Ray makes an array that has 4 rows of 4 counters. He wants to make two more arreys using the same number of counters. He wants more than one counter in each row. What two arrays can he make?
Please help!
1 across and 16 down
To help Ray figure out what two arrays he can make, let's first consider the total number of counters he has. Ray starts with an array that has 4 rows of 4 counters, totaling 4 * 4 = 16 counters.
Now, since Ray wants to create two more arrays using the same number of counters, we need to divide the total number of counters (16) evenly among the three arrays.
To figure out the distribution of counters, we can consider the following conditions:
1. Each array should have more than one counter in each row, so we cannot have any rows with only one counter.
2. The number of counters in each array should be the same.
With these conditions in mind, let's find the possible configurations:
Option 1:
If we divide the 16 counters equally among the three arrays, each array would have approximately 16 / 3 = 5.33 counters. Since we cannot have a fraction of a counter, this option is not possible.
Option 2:
If we divide the 16 counters equally among the three arrays, but allow for one of the arrays to have fewer counters, we could distribute them as follows:
- Array 1: 6 counters (2 rows with 3 counters each)

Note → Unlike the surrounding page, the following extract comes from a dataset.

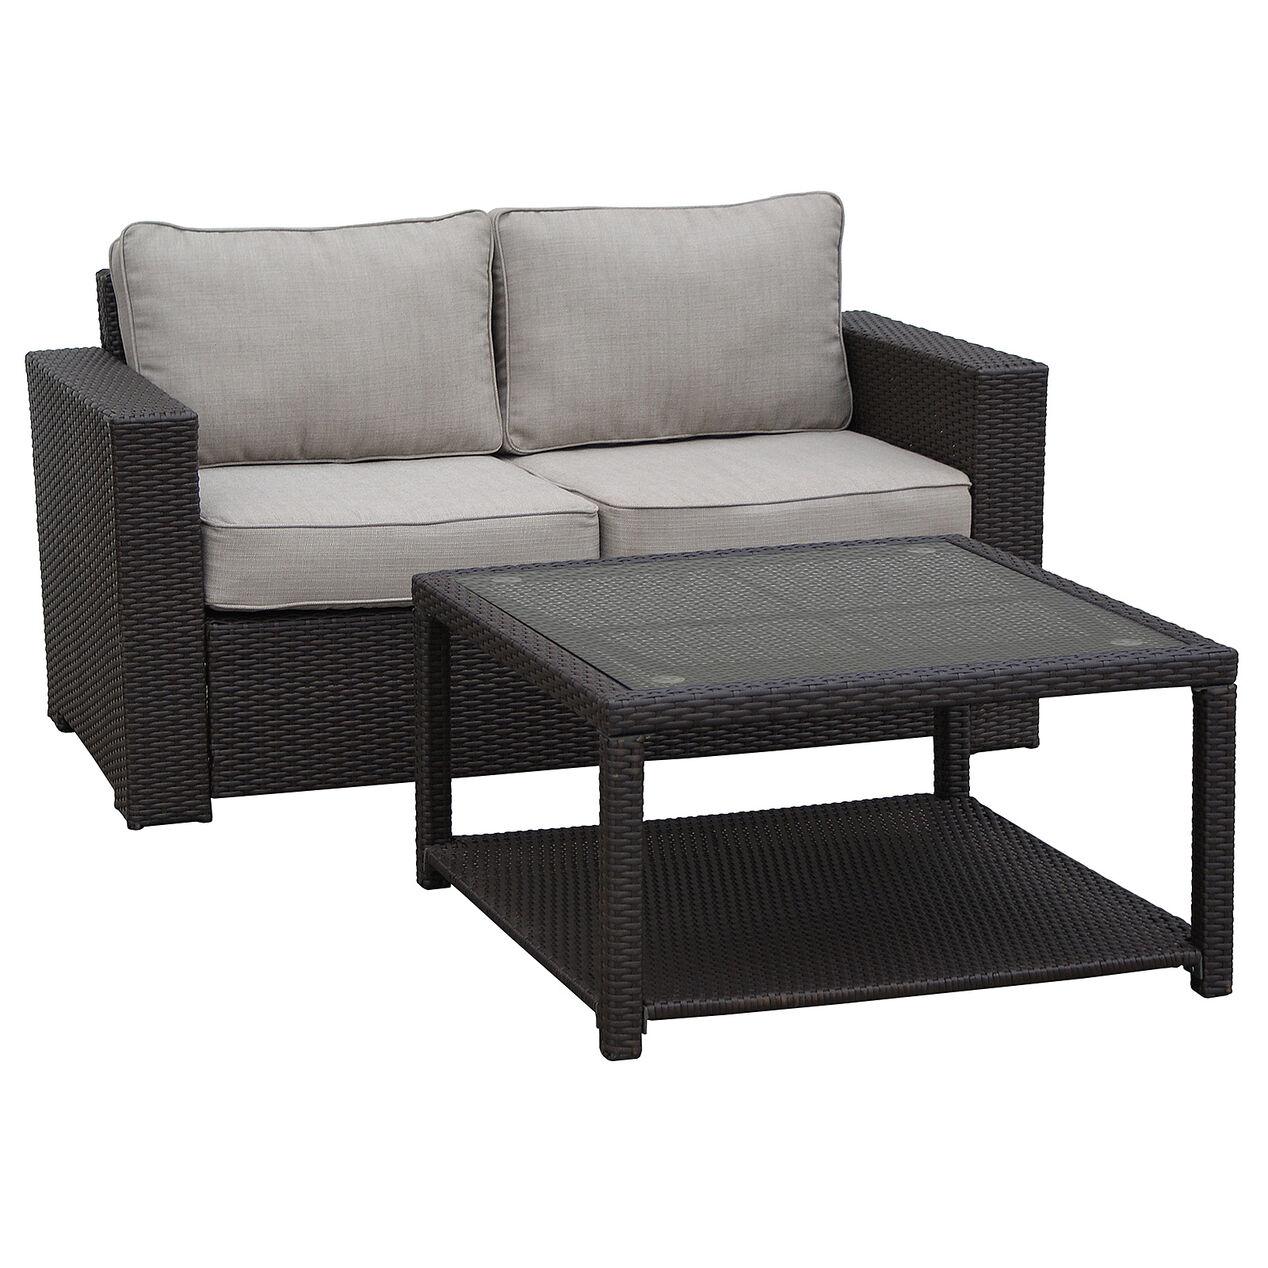 Folding Bed Fantastic Furniture On Vaporbullflcom

- Array 2: 6 counters (2 rows with 3 counters each)
- Array 3: 4 counters (2 rows with 2 counters each)
Option 3:
If we cannot have any arrays with fewer counters, we need to consider distributing the counters unevenly among the three arrays. Let's explore this option:
- Array 1: 7 counters (2 rows with 3 counters each and 1 row with 1 counter)
- Array 2: 6 counters (2 rows with 3 counters each)
- Array 3: 3 counters (1 row with 3 counters)
Therefore, Ray can make two more arrays using the same number of counters with the following configurations:
Option 2:
- Array 1: 6 counters (2 rows with 3 counters each)
- Array 2: 6 counters (2 rows with 3 counters each)
- Array 3: 4 counters (2 rows with 2 counters each)
Option 3:
- Array 1: 7 counters (2 rows with 3 counters each and 1 row with 1 counter)
- Array 2: 6 counters (2 rows with 3 counters each)
- Array 3: 3 counters (1 row with 3 counters)
I hope this helps Ray with his task! Let me know if you have any further questions.